Thursday, November 11, 2010

Random notes on Hadoop

I am talking about Hadoop 0.20 using a custom jar, not streaming or Hive or Pig.
  1. Make sure your distribution has the MAPREDUCE-1182 patch.
  2. Make sure you change the default setting of dfs.datanode.max.xcievers to something very large, like 4096. And yes, the property name is misspelled. In 0.22/0.23 the property will be called dfs.datanode.max.transfer.threads.
  3. If you've declared your key type to be T, you can't write an S, even if S is a subclass of T.

  4. There are several ways to get your dependencies visible to Hadoop tasks and tools, and they are all clunky.
    • You can bundle them all into the job jar in a folder called lib, although doing so does not make it possible to have custom input formats, output formats, mappers, and reducers in separate jars.
    • You can use the -libjars argument, but if you ever have to load a class via reflection (i.e., using Class.forName), you have to use the Thread.currentThread().getContextClassLoader() rather than the default. Also you might run into HADOOP-6103.
    • You can use DistributedCache.addFileToClassPath, but you have to be sure to put the file on HDFS and refer to it by its absolute pathname without a scheme or authority, and these files are only available to the tasks, not the tool/job.

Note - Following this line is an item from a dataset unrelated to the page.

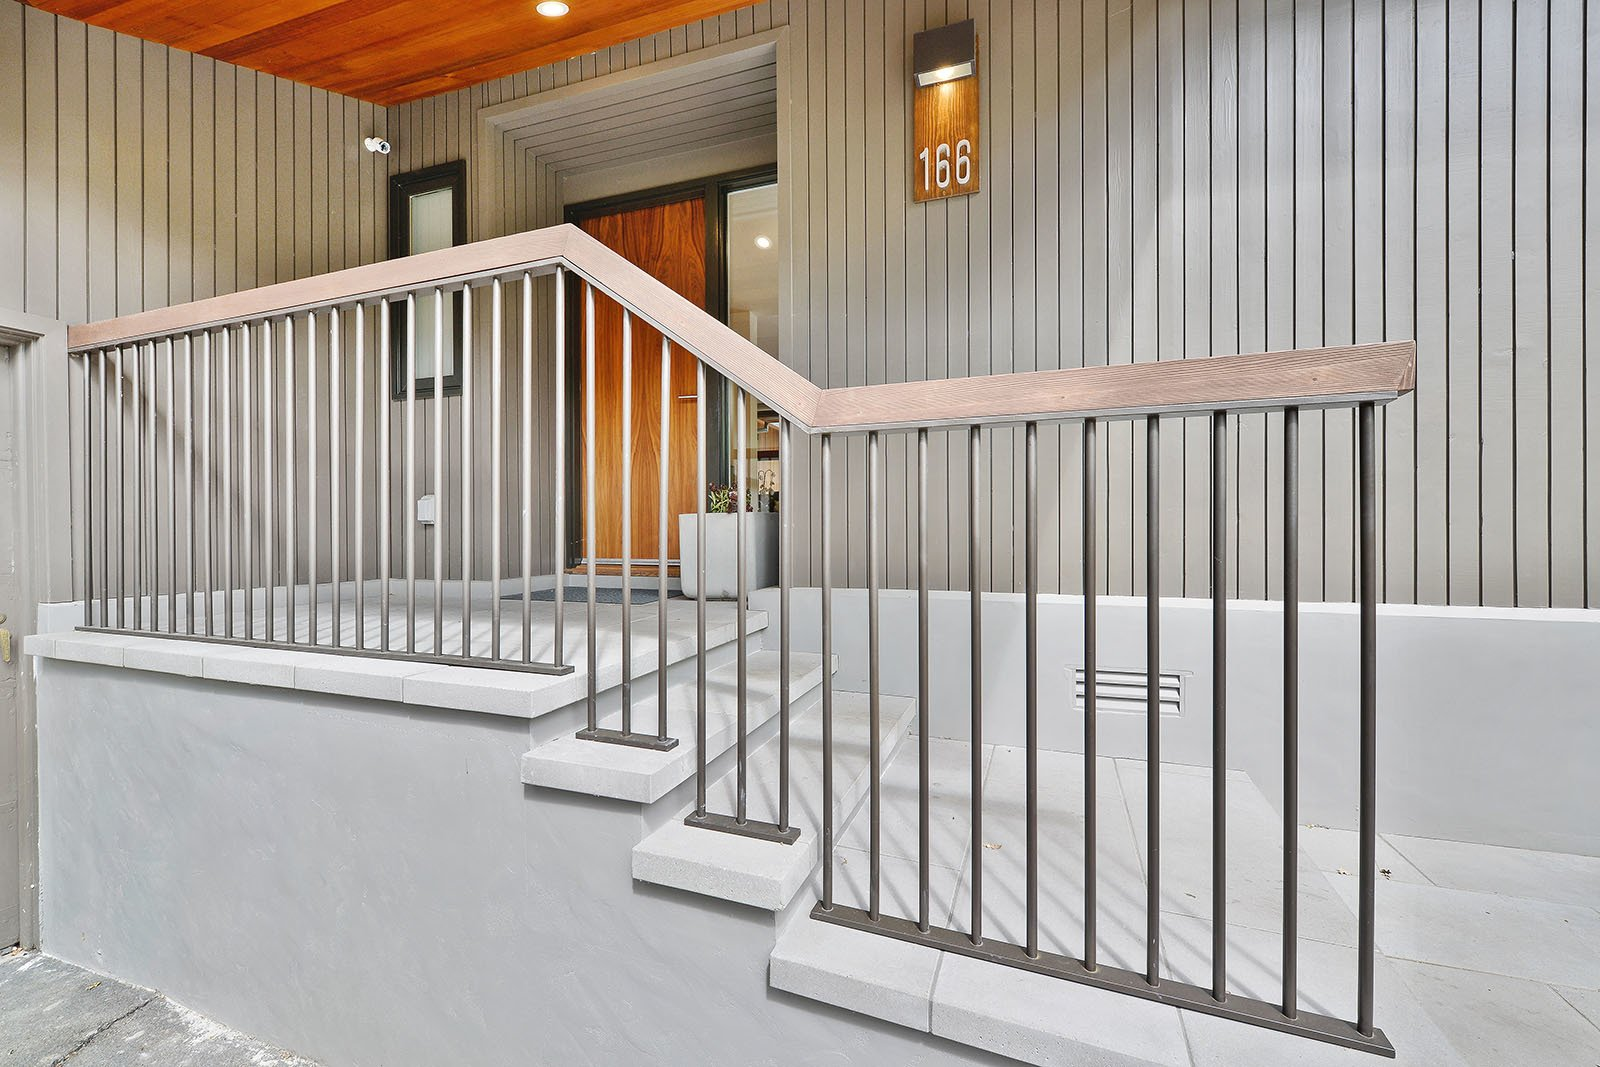 Front steps Tagged: Outdoor, Small Patio, Porch, Deck, Tile Patio, Porch, Deck, Front Yard, and Pavers Patio, Porch, Deck.  Portola Valley by patrick perez/designpad architecture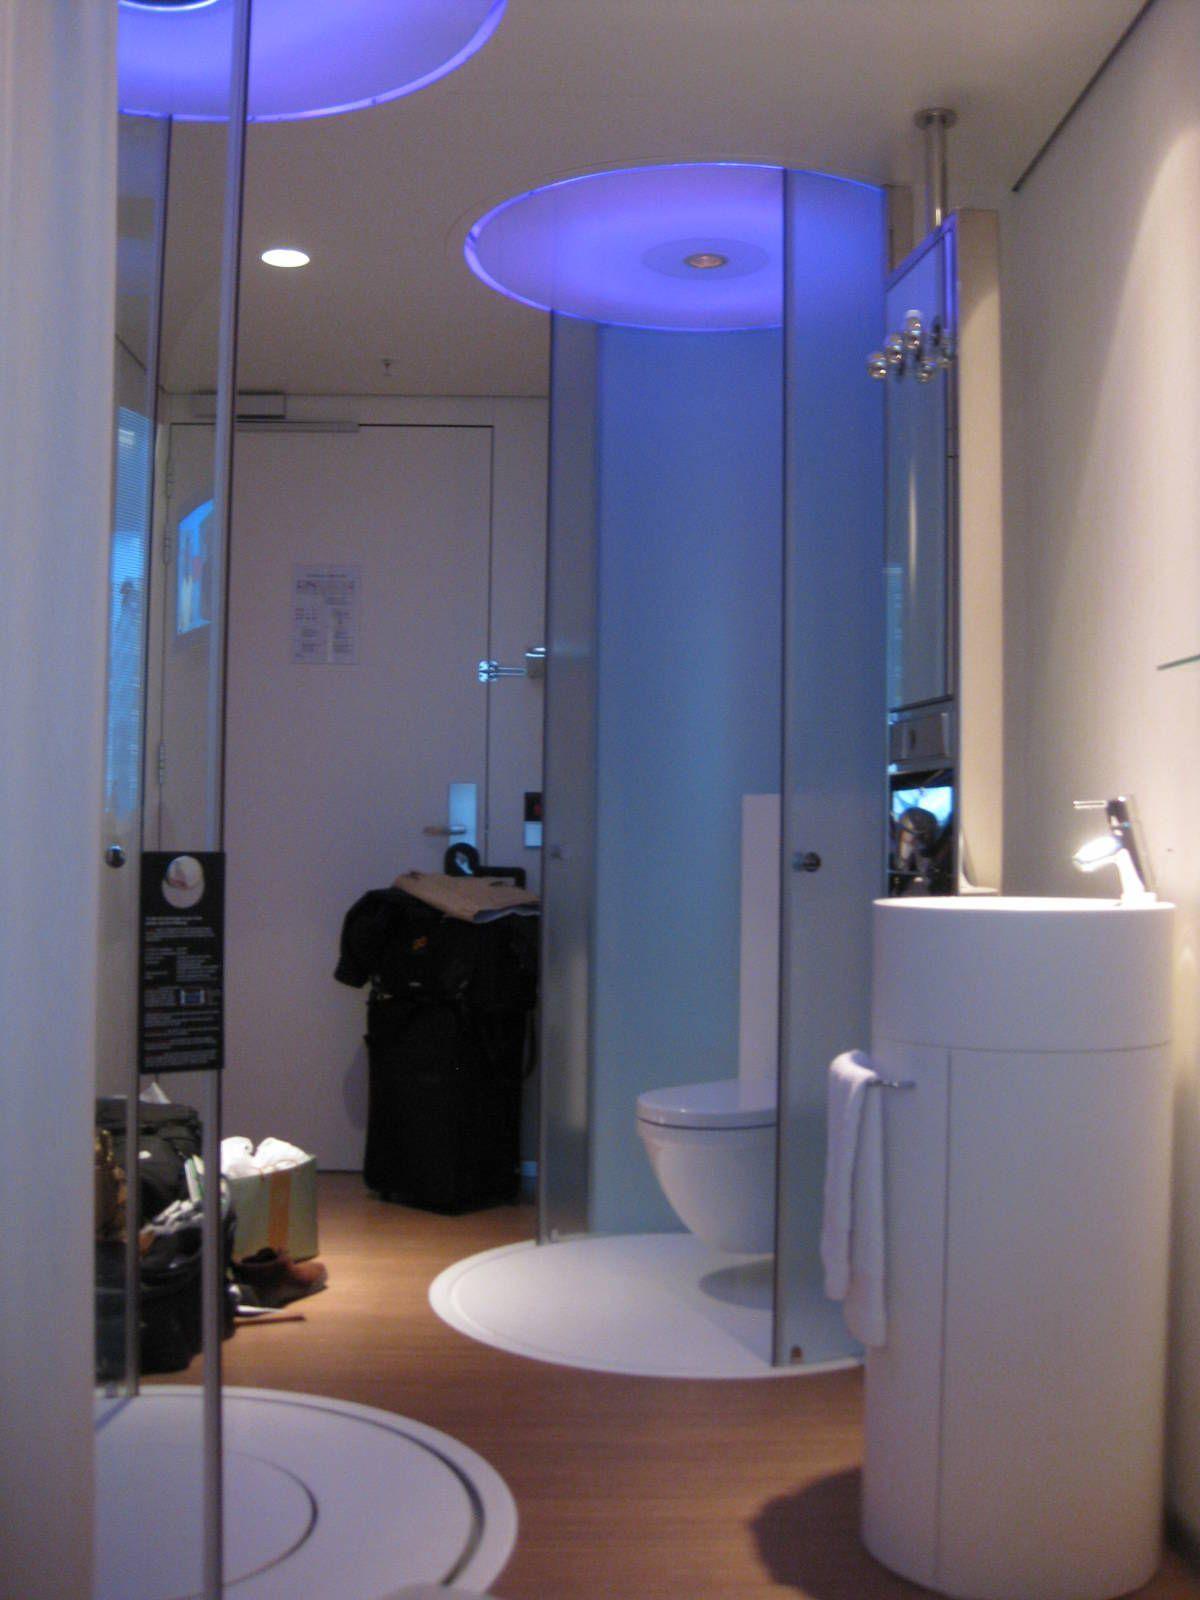 Modern Bathroom Ideas For Small Bathroom modern small bathroom design ideas | 0-d- bathrooms and toilets

  5. DistributedCache is just plain wonky. You must
    1. put your file on hdfs somehow
    2. call DistributedCache.addCacheFile(), using the full URI with "hdfs:///"
    3. in the mapper/reducer, use java.io.* APIs to access the files represented by the paths in DistributedCache.getLocalCacheFiles(). Incredibly, the "typical usage" example in the javadocs for DistributedCache just completely elides this crucial bit. If you try to use FileSystem.get().open(), you'll get a cryptic error message with a filename that looks like it's been mangled.
      I can't find a programmatic mapping between files added via addCacheFile() and paths retrieved by getLocalCacheFiles(), although there may be some support for sharing the name or specifying it with the "hdfs://source#target" syntax. None of this API is well-documented.
  6. You can't substitute Hadoop counters for actual aggregation in your reducer, tempting as that might be. Counters will differ from run to run, even against identical inputs, because of things that vary like speculative execution and task failures.
  7. If you configure your cluster to have 0 reduce slots (perhaps because your jobs are all map-only), and you accidentally submit a job that does require a reduce phase, that job will run all mappers to completion and then hang forever.